§ Supplied information:
_ _ _
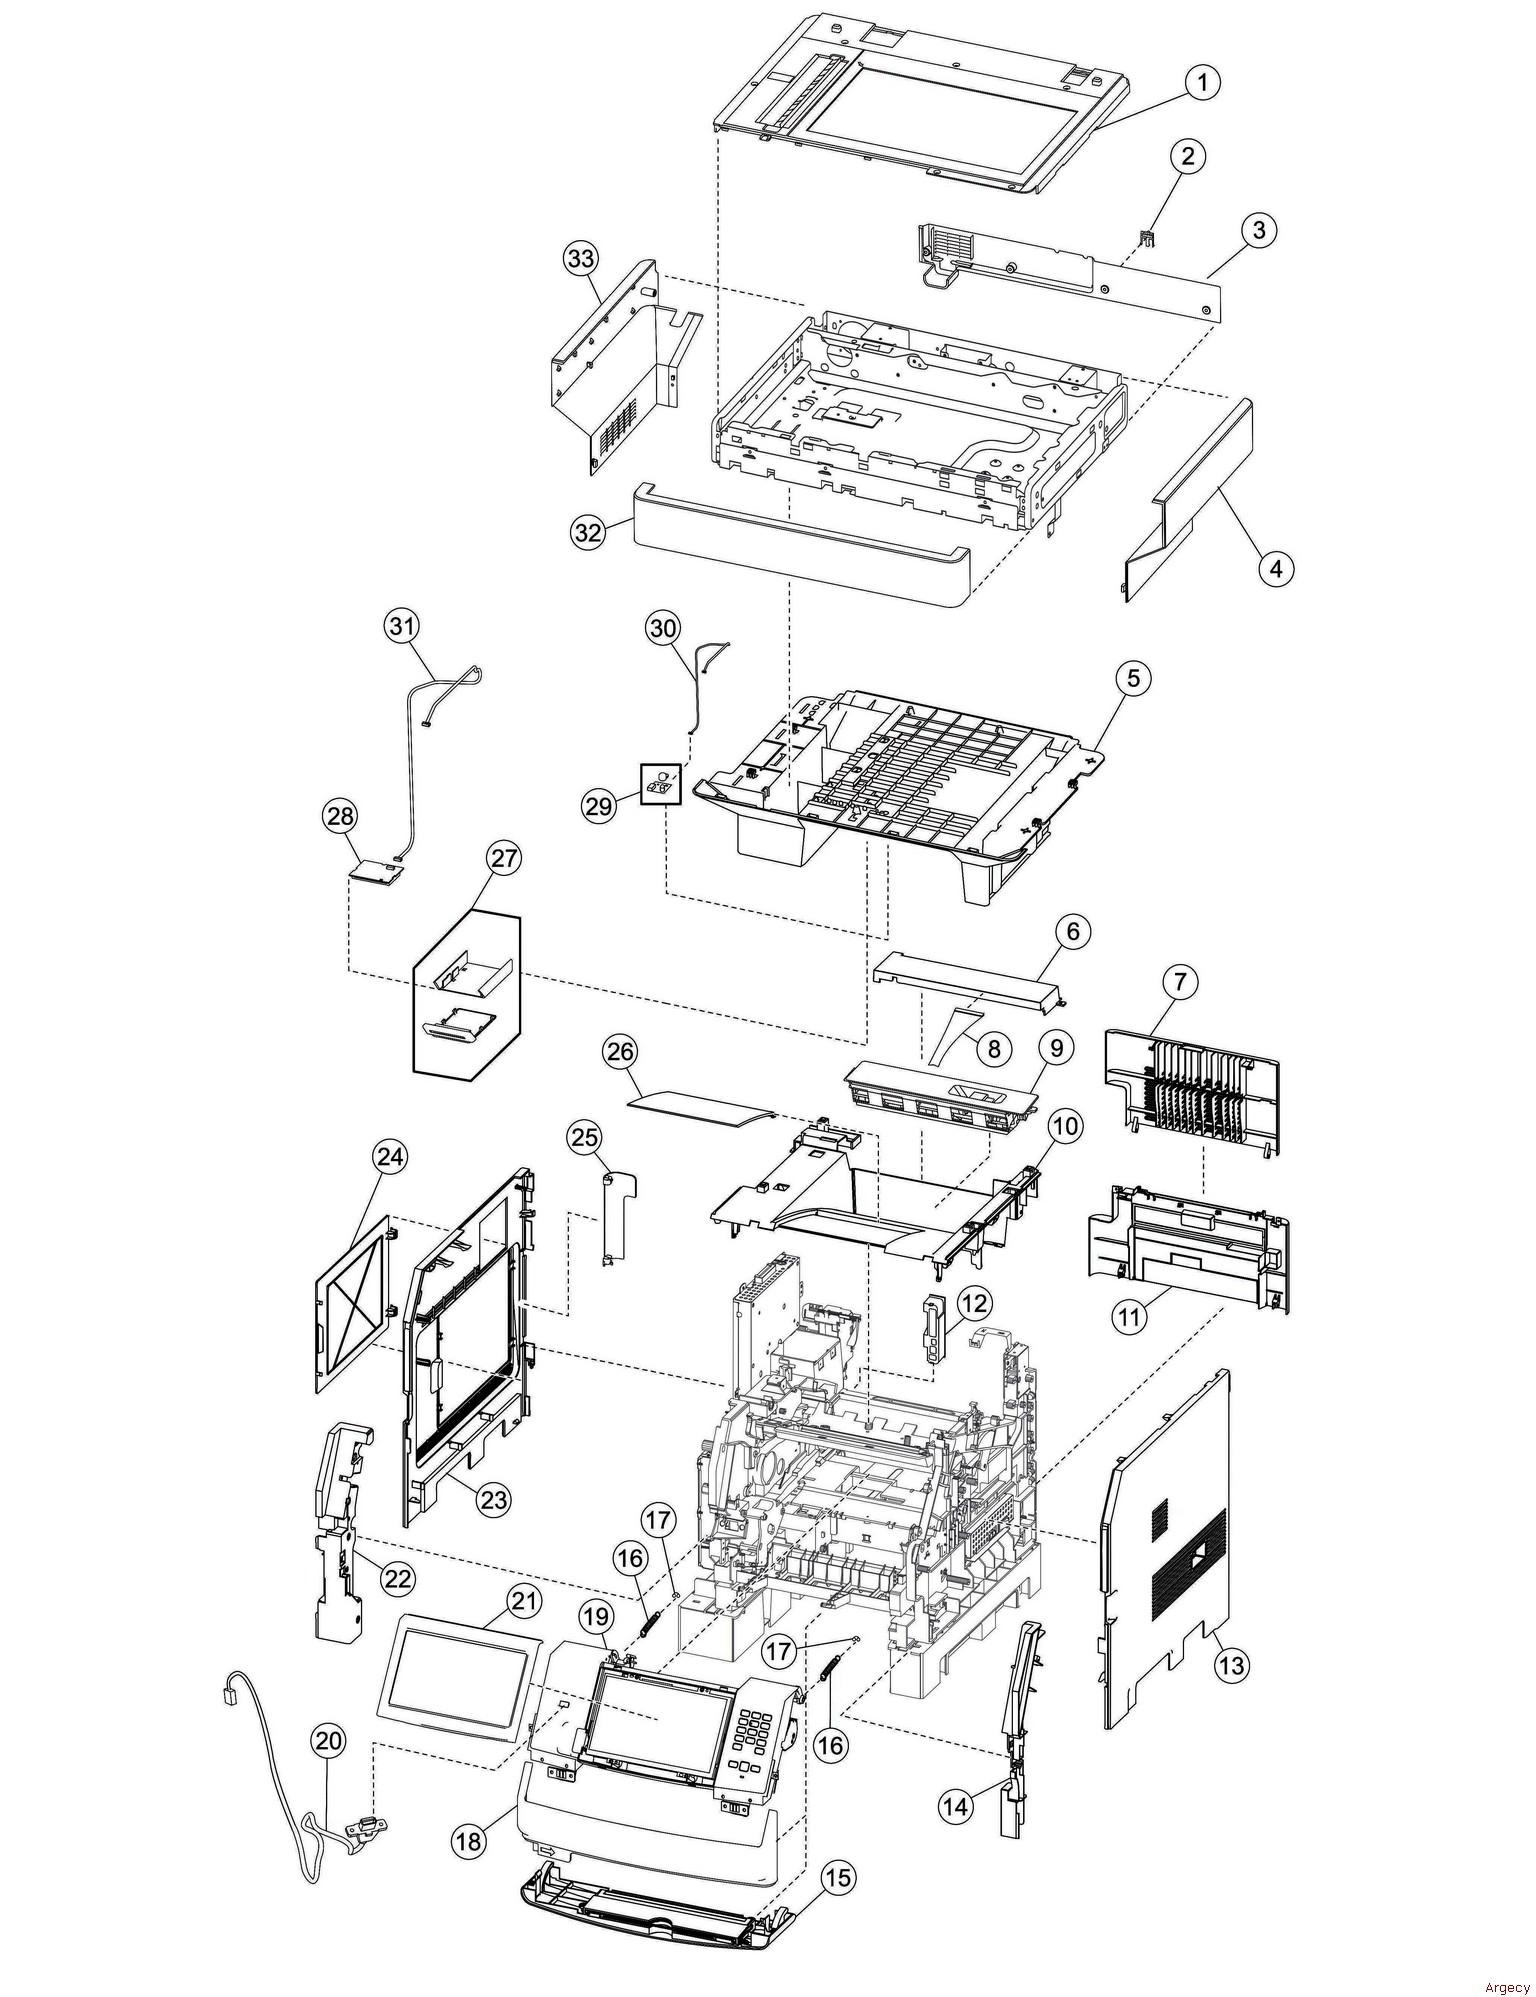 Ibm Infoprint Mfp Parts
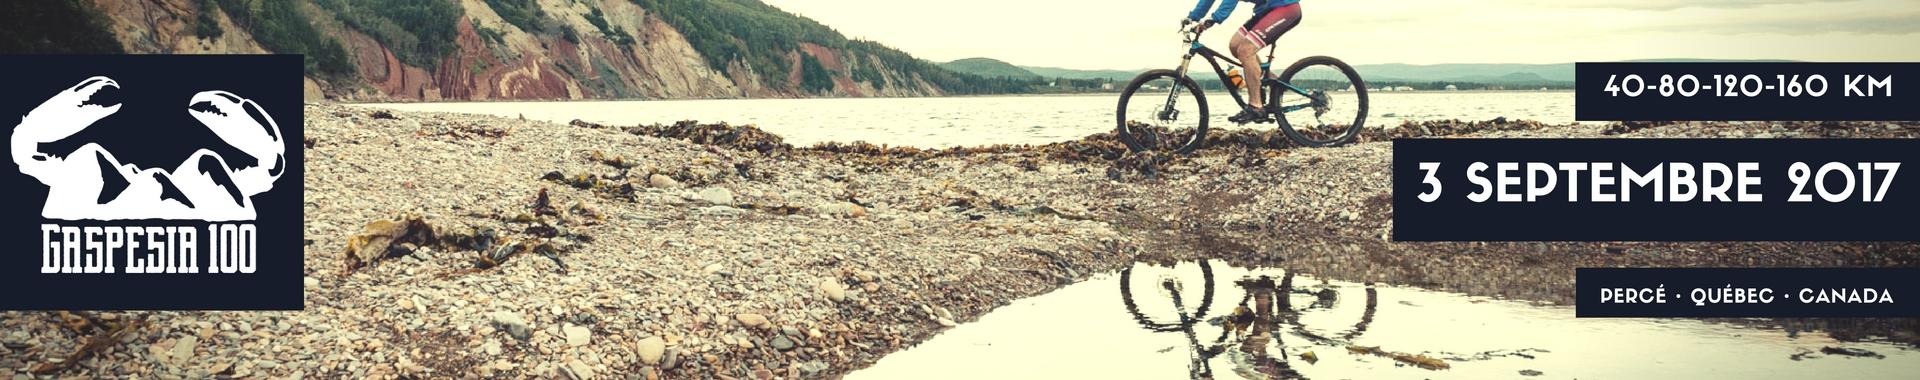 Raid Gaspesia 100, vélo de montagne, mtb marathon, Percé, Gaspésie
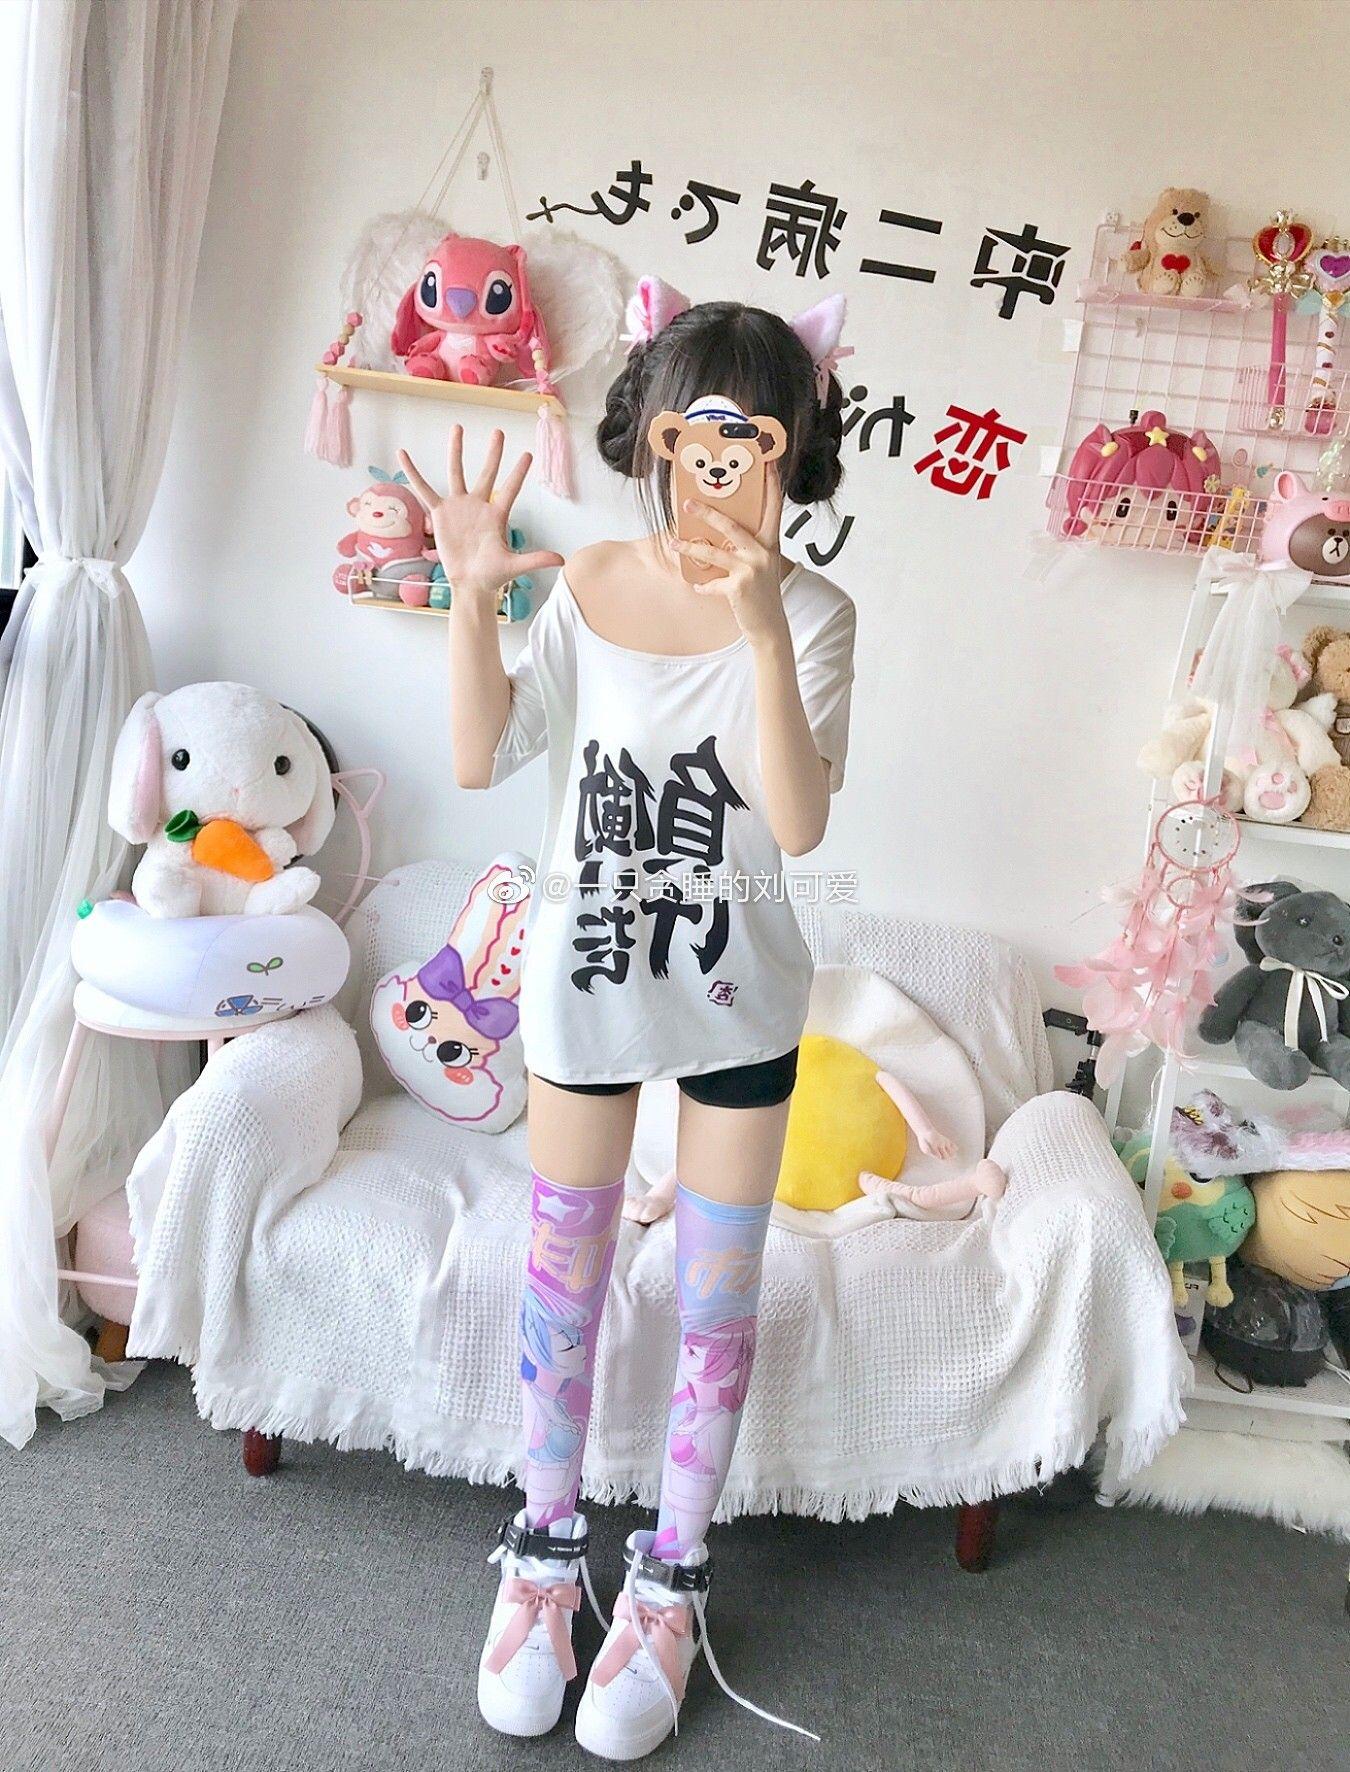 Pin by Mio on ᶜˡᵒᵗʰᵉˢ 服 ᵔᴥᵔ  Cute japanese girl, Kawaii
_ _ _
§ Exercise objective:
Skipping all images, output the listing exactly.

§ Solution to this task:
 Ibm Infoprint Mfp Parts
 Raid Gaspesia 100, vélo de montagne, mtb marathon, Percé, Gaspésie
 Pin by Mio on ᶜˡᵒᵗʰᵉˢ 服 ᵔᴥᵔ  Cute japanese girl, Kawaii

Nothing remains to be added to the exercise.